Undefining Social Liberalism

June 20, 2011

Jonathan Calder is a naughty, naughty man. Following this weekend’s Social Liberal Forum Conference, he has asked – nay, demanded! – that the Social Liberals actually set out what makes them different from Social Democrats. This would perhaps be an innocent question if the rest of his post did not refer to his encounters with ‘soggies’ in his youth. You see, something I would say I share with Jonathan is the fact that I didn’t understand what the word ‘wet’ meant as applied to people until I joined the Lib Dems, and that leads me to suspect that Jonathan is engaging in that most noble of sports, wet-baiting.

Nothing riles – nothing agitates – wets more than having to define themselves, as that inevitably leads to conflict within a group of people with marginally different definitions of what that group represents and a deep need to define themselves by this external label. This is archetypal behaviour of lefties parodied in The Life of Brian, and so Jonathan’s post met with a screaming furball of responses, not least that of James Graham, which veers between a rejection of the usefulness of labels and an affirmation of his use of ‘social liberal’ to define himself.

All this is of course hilarious, and I’m sure Jonathan was wearing a grin when he added ‘Thanks for the comments’ to the bottom of his post. However, I’m suddenly feeling charitable, and not withstanding as much patronising language as I can force into this post, I think it’s fair to have a bash at coming up with a non-spurious definition.

David Howarth’s chapter from Reclaiming the State is intended to provide a definition of social liberalism, and opts for the rather churlish trick of defining it so wildly it includes practically everyone, to the point where John Stuart Mill is probably not a classical liberal. He claims that a ‘social liberal’ is concerned with ensuring that people have access to resources sufficient to guarantee their freedom, in contrast with ‘classical liberals’ who merely want the withdrawal of state interference. Within this he differentiates between those who believe that this resource access/redistribution should only be carried out to a level sufficient to allow everyone political freedom, and those who believe that other ‘fairness’ principles should be added to basic liberalism.
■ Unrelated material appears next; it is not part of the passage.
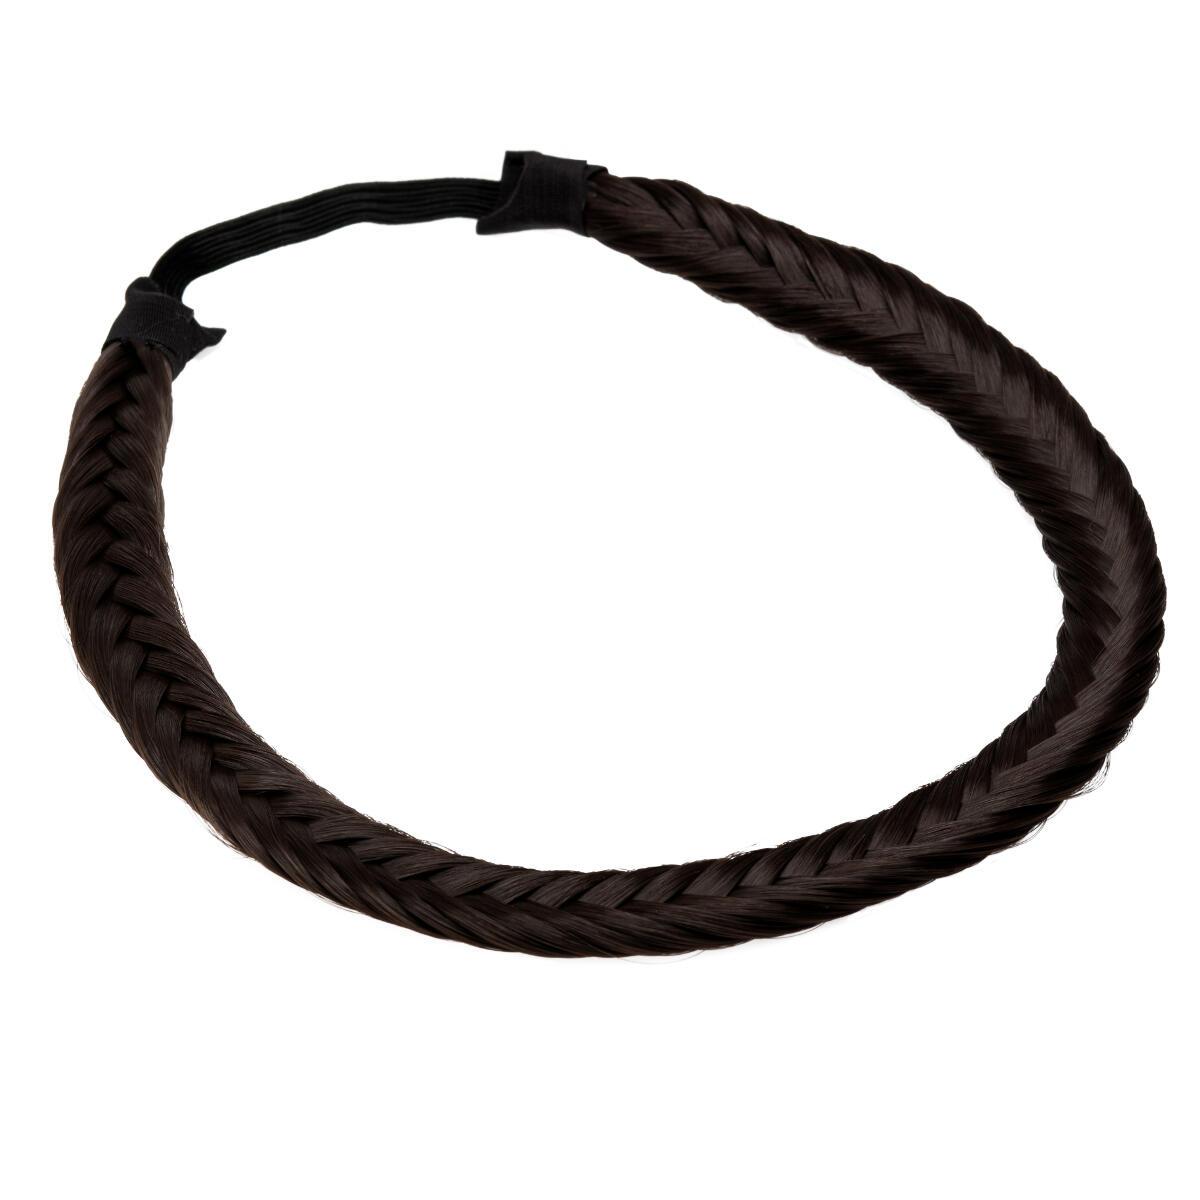 Synthetic Braided Headband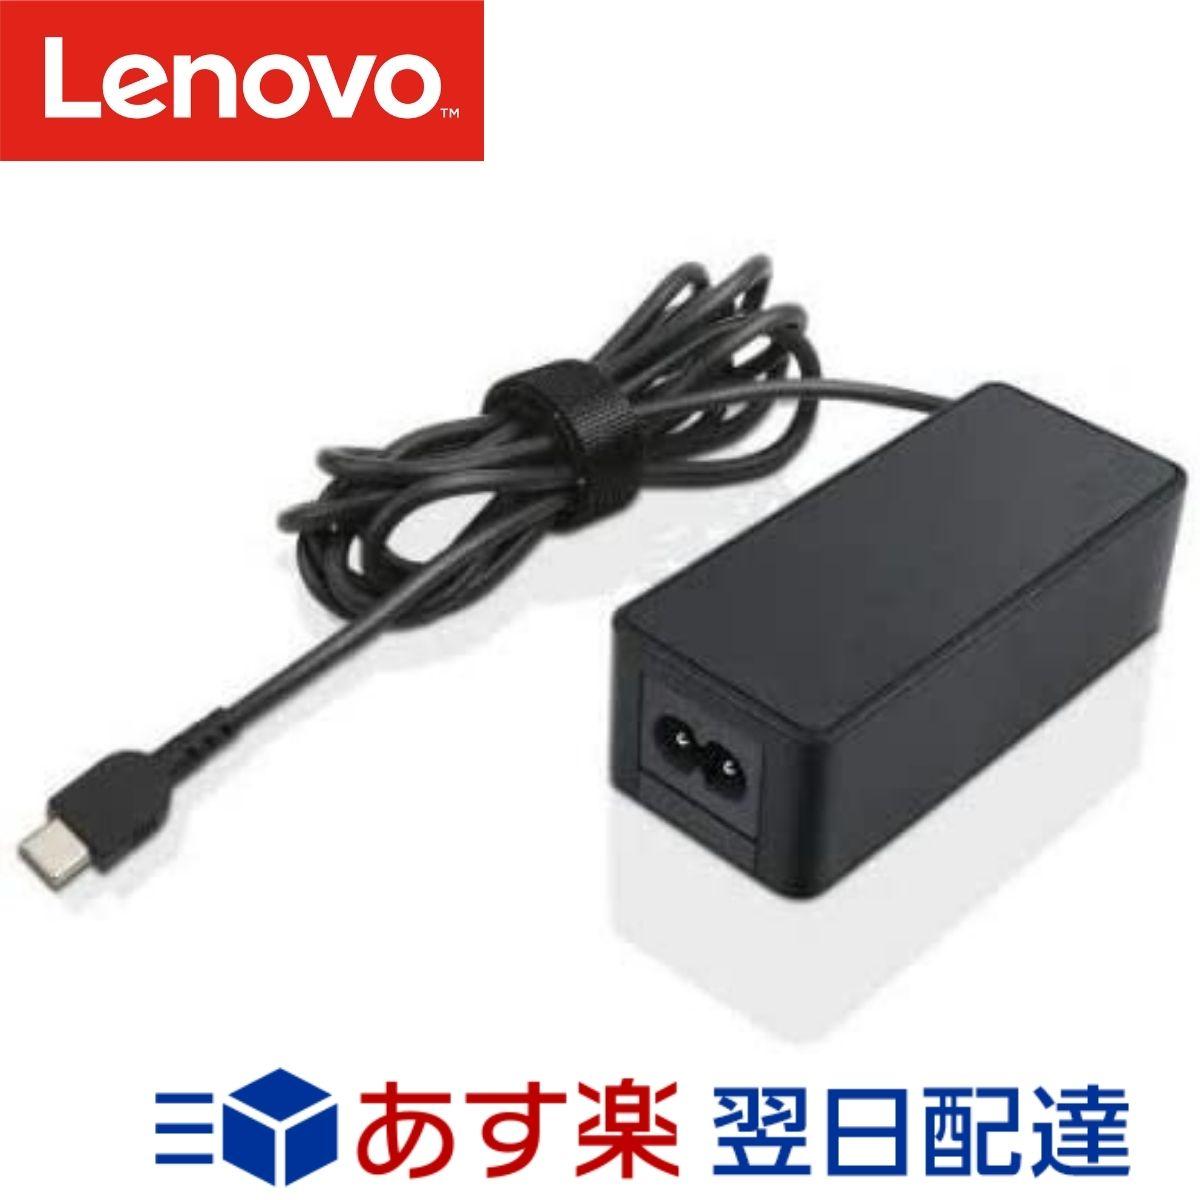 あすつく 送料無料 ポイント消化 専門店 メーカー純正品 1年保証 Lenovo USB ACアダプター 4X20M26255 Type-C 大規模セール レノボ 45W

It is the latter branch of ‘social liberalism’ that comprises the Social Liberal Forum, although one can never tell.

Now, it’s easy to be dismissive of people who want more of that most abstract of concepts, ‘fairness’, and its slightly more intellectual twin, ‘social justice’. However, this recognition that social liberals want more ‘fairness’ can actually be cashed out in an interesting way. Many of the wets of my acquaintance have spoken about Amartya Sen’s work on justice, and made frequent reference to ensuring equality of capability and similar new ways of justifying being wet.  However, this is to miss significant parts of Sen’s work which are much more relevant to the Social Liberal Forum.

Sen argues that transcendental institutionalism (the philosophical modus operandi which intends to define justice through the definition of a perfectly just set of institutions for a society) has thus far failed to wholly capture what justice is. Instead, he avers that there is a useful role for comparative justice – i.e. comparing two particular states of affairs and determining which one is more just. This process is to be carried out by reasonable public debate, with a range of criteria for how this can be achieved and several ways of assessing those states of affairs – including his capability theory, but not exclusively.

If social liberalism is the implementation of this viewpoint, then it cannot be defined except by the issues with which it is currently dealing – i.e. the aggregate of one’s positioning on a range of social issues, like the NHS and corporatism, as James Graham refers to in his speech to the Conference. Its distinguishing feature from social democracy is that it is a process rather than an ideology of Government. It may come to the same conclusions about particular issues, but it will not necessarily share principles in common with social democrats, because it does not have specific principles. Rather, it represents the process of deciding between specific choices, rather than the ideology that sets up the conditions for those choices.

As such, it represents a useful check upon those of us, including myself, who tend towards the minimal-requirements-for-political-freedom end of Howarth’s social liberal scale. Assessing our suggestions against the demands of justice is both pragmatically and politically useful. While we are capable of making firm choices about the path ahead, the wets will always prevaricate, because that’s what such a process demands – constant re-evaluation. Social liberalism cannot be ideology of Government, but it can be a useful adjunct to a governing party. I contend that there is a full role for the Social Liberal Forum over the course of this parliament. Just don’t let them near a decision.